On a local/non EC2 instance you need to specify AWS_ACCESS_KEY_ID and AWS_SECRET_ACCESS_KEY by either specifying environment variables or installing and configuring AWS CLI client.
export AWS_ACCESS_KEY_ID=AKIAEXAMPLEKEY
export AWS_SECRET_ACCESS_KEY=111222333abcdefghigklmnopqrst
Make sure that environment variable is visible within your IRIS process. You can verify it by running:
USER>write $system.Util.GetEnviron("AWS_ACCESS_KEY_ID")

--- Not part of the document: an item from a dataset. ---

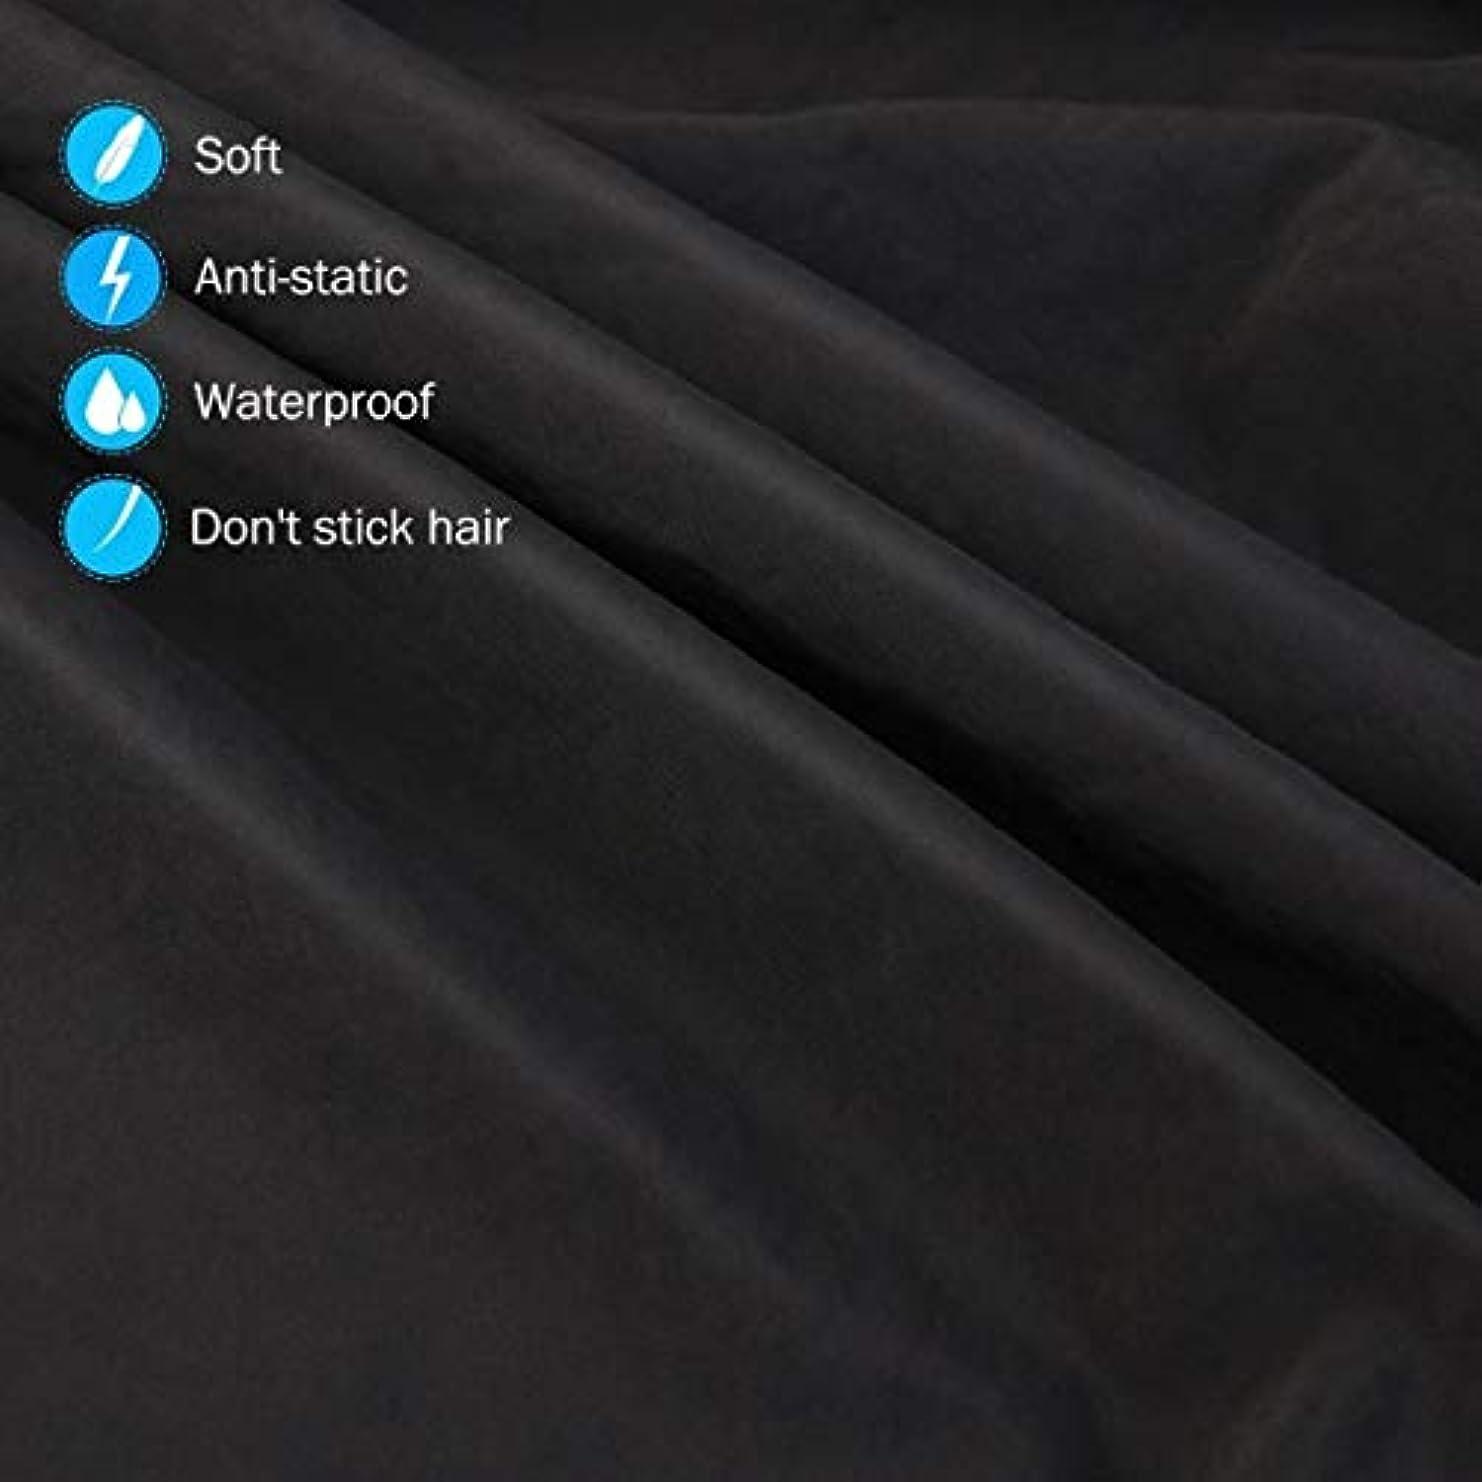 果てしない予算リネンHIZLJJ 大広間の家の理髪師の観覧の窓が付いている理髪ケープのガウン毛の切断のための目に見える観覧の窓が付いている防水大広間のガウンのエプロン

It should output the value of the key.
or install AWS CLI, following instruction here https://docs.aws.amazon.com/cli/latest/userguide/install-cliv2-linux.html and run:
aws configure
IRIS instance running on GCP Virtual Machine needs no additional steps to allow IRIS External Table to access Google Storage Buckets. Just make sure the following command on the instance returns valid token and instance itself has the permissions to read data from Google Storage.
gcloud auth print-access-token
If IRIS is running not on Google Cloud VM - you need to install Google Cloud SDK on the machine https://cloud.google.com/sdk/install , create Google Service Account https://cloud.google.com/iam/docs/service-accounts and download JSON key for that account. Activate the key on the instance:
gcloud auth activate-service-account --key-file=my-service-account-key.json
Work in progress... Check back for updates.

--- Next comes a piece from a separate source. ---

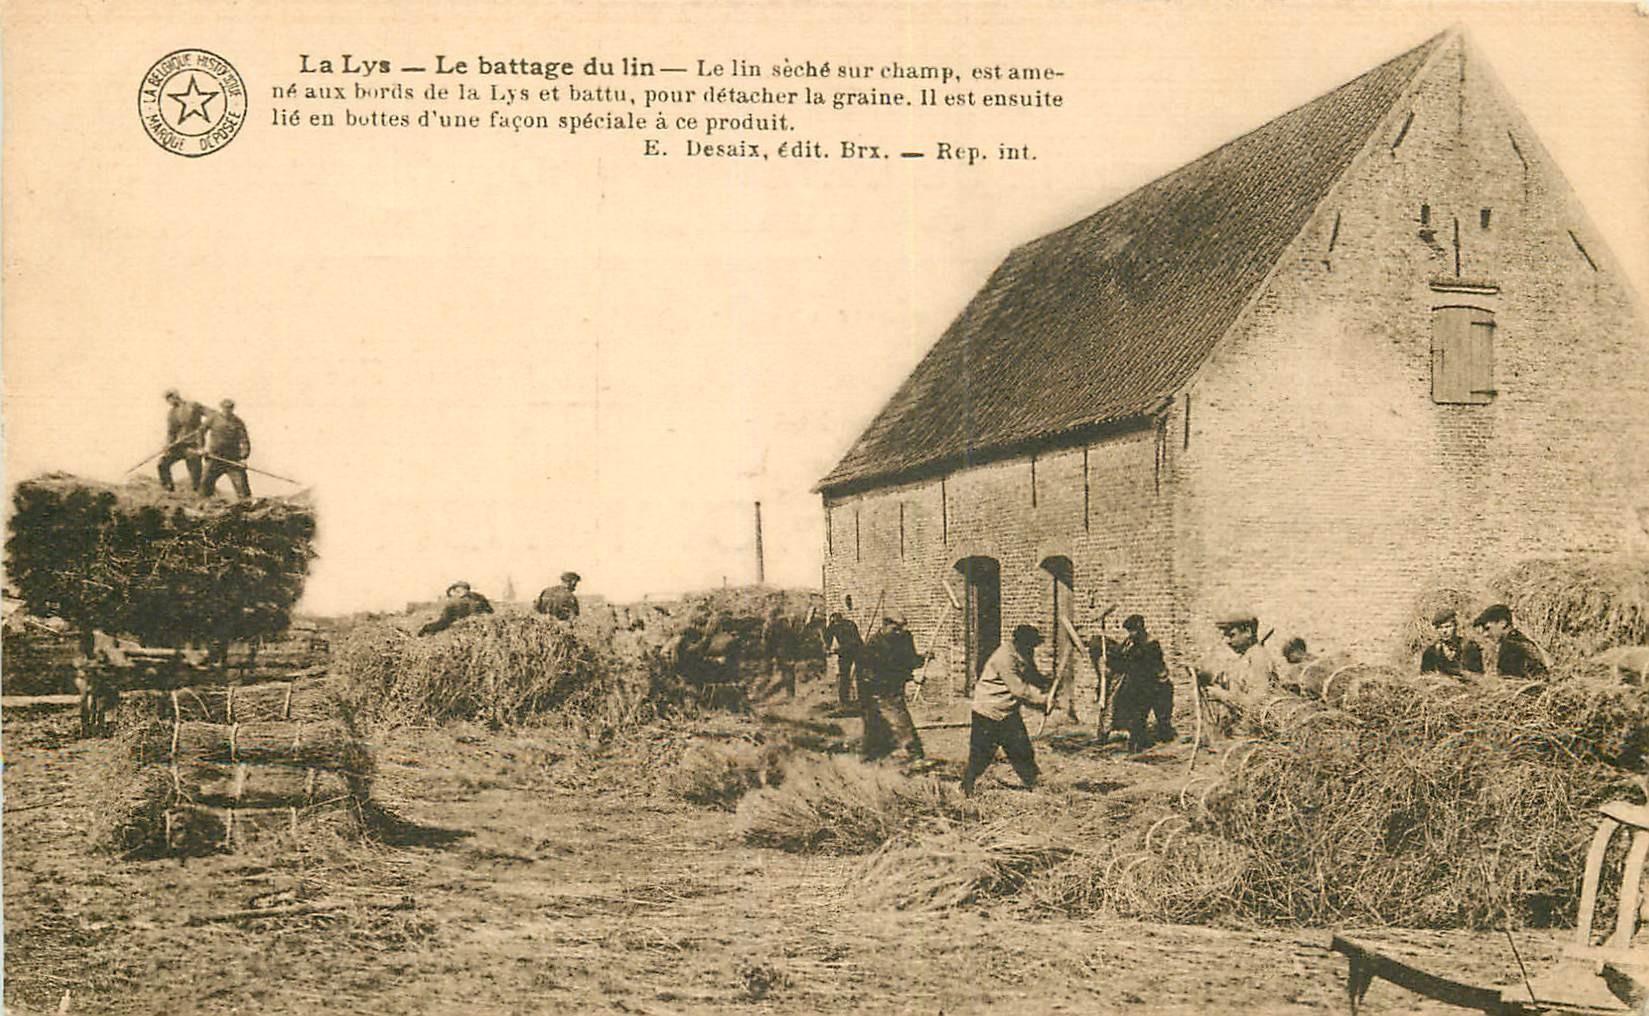 WW BELGIQUE. Le Battage du lin à La Lys. Carte d'Honneur à Jumet 1929

Authentication is based on Azure AD. The following parameters need to be set: azure-client-id
, azure-client-secret
, azure-tenant-id
. (See EXT.Azure for details. Subject to change!!!) Currently using ^EXT.Config(parameter-name)
global.
You can use the following commands to gather this information:
az login --use-device-code
az ad sp create-for-rbac --sdk-auth
^EXT.Config("LocalDir") global can be used to set common path part for table configuration files and EXT.LocalFile based locations.
For instance, if the full path to your table config is /home/irisowner/config/mytable.json
and data is located in /home/irisowner/data/mydata.csv
, then setting:
set ^EXT.Config("LocalDir")="/home/irisowner/"

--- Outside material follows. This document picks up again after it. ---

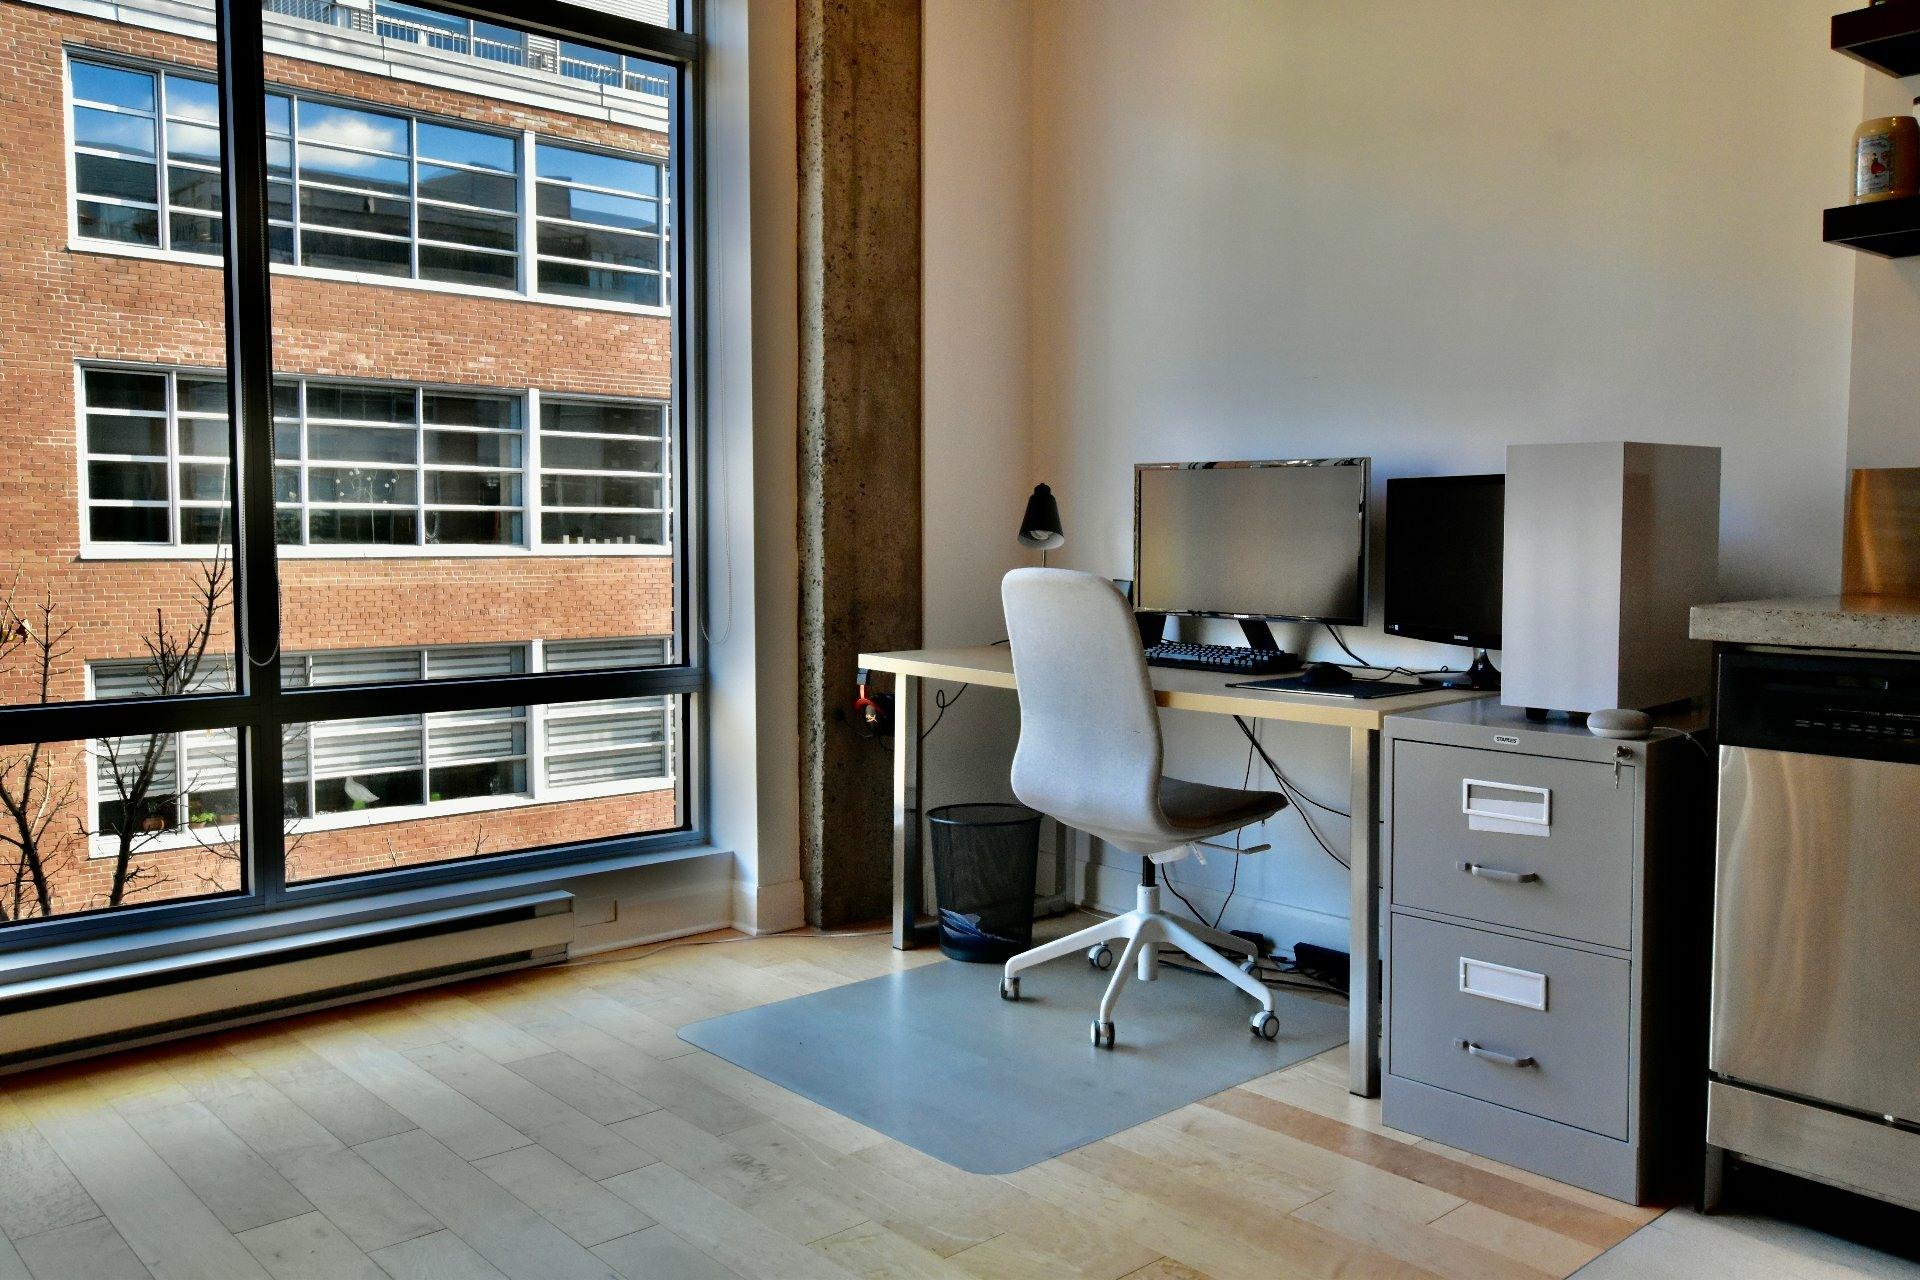 image 12 - Apartment For rent Villeray/Saint-Michel/Parc-Extension Montréal  - 5 rooms

would allow you to refer to them as:
call EXT.ConvertToExternal('person.firstname','config/mytable.json')
/home/irisowner/config/mytable.json
{
"adapter":"EXT.LocalFile",
"location":"data/mydata.csv",
"delimiter": ","
}
External table is designed to support full range of SELECT queries. They can be used along with other external and internal queries in the SELECT statements.
These tables are READ-ONLY and only support FULL-TABLE-SCAN execution plan.
DROP TABLE must be used with %NODELDATA flag
DROP TABLE external_table %NODELDATA